American historian (1899–1959)

Howard Kennedy Beale (April 8, 1899 – December 27, 1959) was an American historian. He had several temporary appointments before becoming a professor of history at the University of North Carolina in 1935. His most famous student was C. Vann Woodward, who adopted the Beard-Beale approach to Reconstruction. He went to the University of Wisconsin in 1948, where he directed many dissertations. He specialized in nineteenth and twentieth-century American history, particularly the Reconstruction era, and the foreign policy of the early 20th century. He was a noted civil libertarian and advocate for academic freedom.

==Biography==
Beale was born in Chicago to Frank A. and Nellie Kennedy Beale. In 1921 he graduated Phi Beta Kappa with a PhB in English from the University of Chicago. Beale received an M.A. and PhD from Harvard University.
Beale married Georgia Robison, a fellow academic, and had 3 sons: Howard Kennedy Beale Jr., Henry Barton Beale, and Thomas Wight Beale. A few days before Christmas in 1959, Beale executed a will that essentially disinherited his youngest son, Thomas, who was ten years old at the time. In re Estate of Beale, 113 N.W.2d 380, 15 Wis. 2d 546 (1962).

==Reconstruction==
In his PhD dissertation, finished in 1924 under the direction of Edward Channing, Beale developed a complex new interpretation of Reconstruction. The dominant interpretation for the previous two decades was that of the Dunning School, which held that unscrupulous Northern adventurers, known as Carpetbaggers, manipulated the new black vote in the South to take control of state governments for their own advantage in terms of speculation, and corruption. The Freedmen (freed slaves) were merely pawns in the hands of the Carpetbaggers.

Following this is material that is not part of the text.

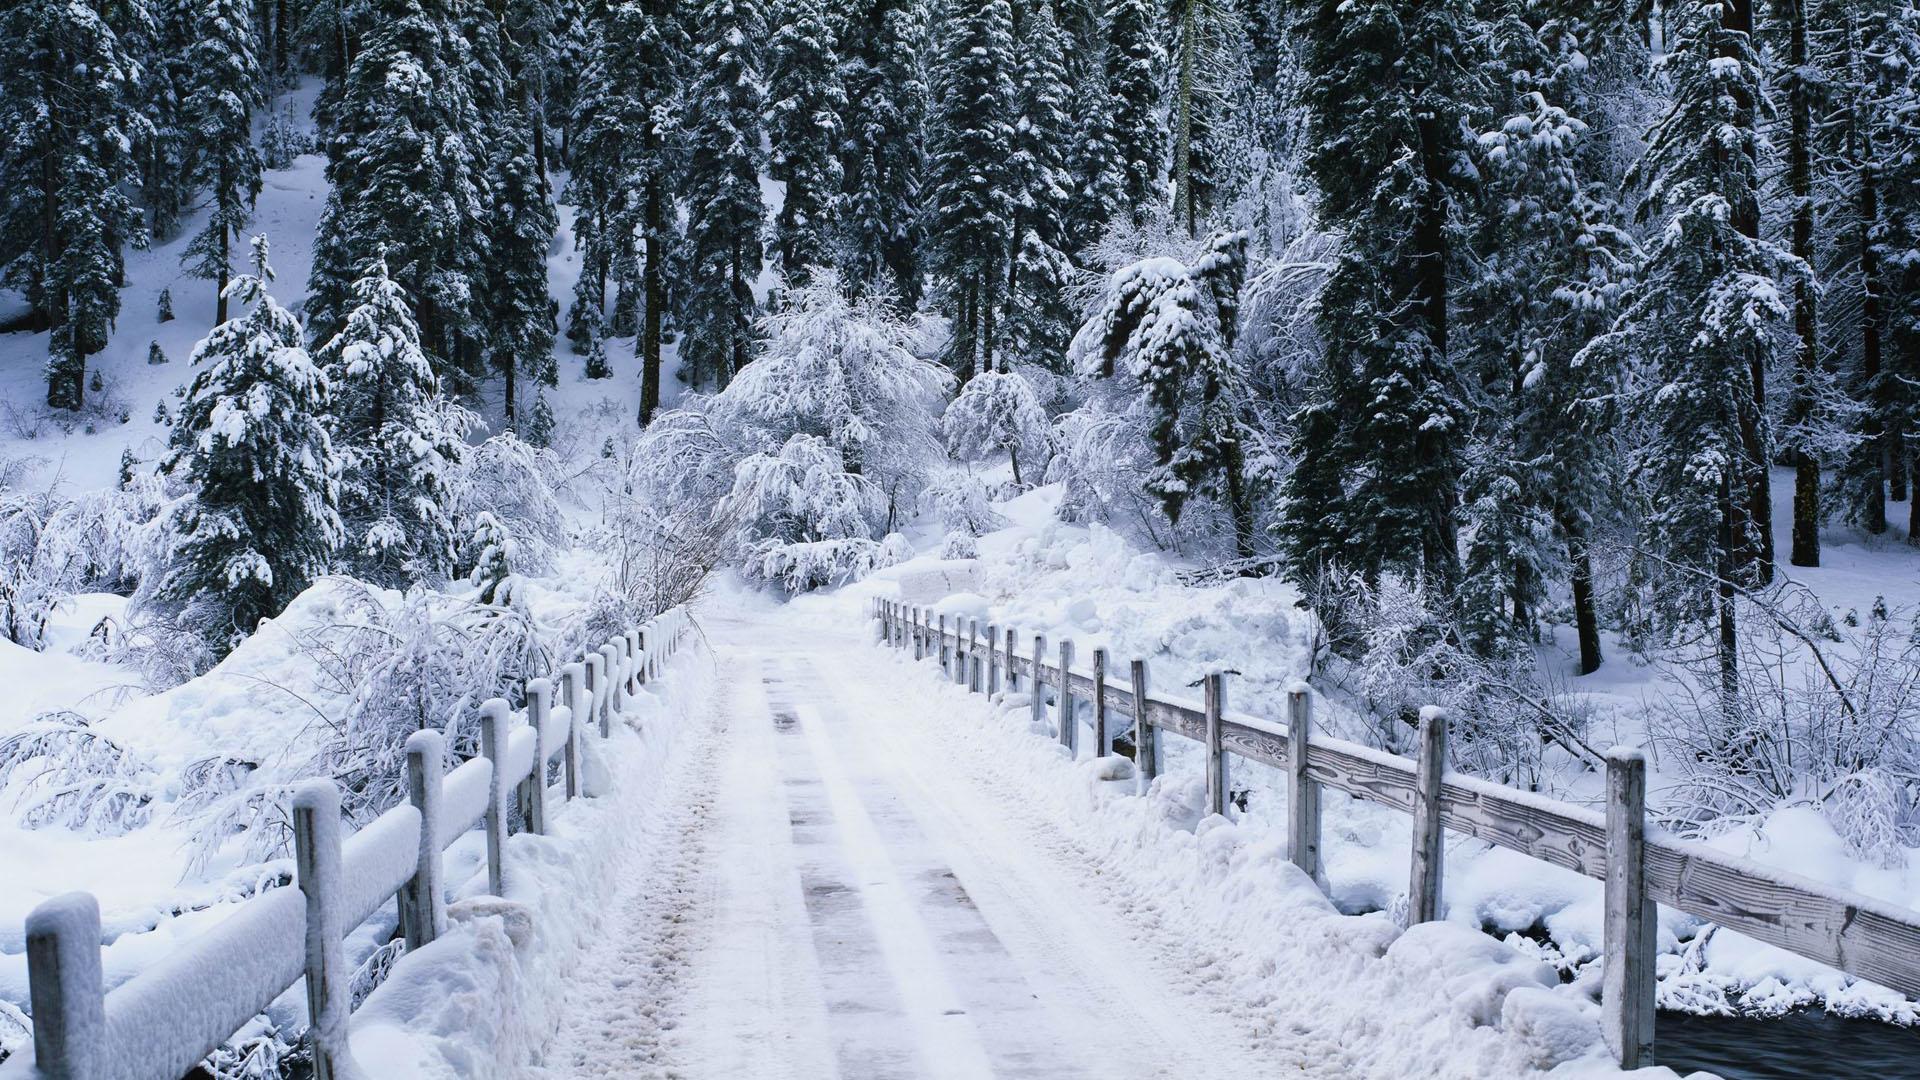 Snowy bridge 1920 x 1080 Forest Photography MIRIADNACOM 1920x1080

Beale argued that the Carpetbaggers themselves were pawns in the hands of northern industrialists, who were the real villains of Reconstruction. These industrialists had taken control of the nation during the Civil War, and set up high tariffs to protect their profits, as well as a lucrative national banking system and a railroad network fueled by government subsidies and secret payoffs. The return to power of the southern whites would seriously threaten all their gains, and so the ex-Confederates had to be kept out of power. The tool used by the industrialists was the combination of the Northern Republican Party and sufficient Southern support using Carpetbaggers and black voters. The rhetoric of civil rights for blacks, and the dream of equality, was rhetoric designed to fool idealistic voters. Beale called it "claptrap." In his chapter, "Claptrap and Issues", Beale argued, "Constitutional discussions of the rights of the negro, the status of Southern states, the legal position of ex-rebels, and the powers of Congress and the president determined nothing. They were pure sham."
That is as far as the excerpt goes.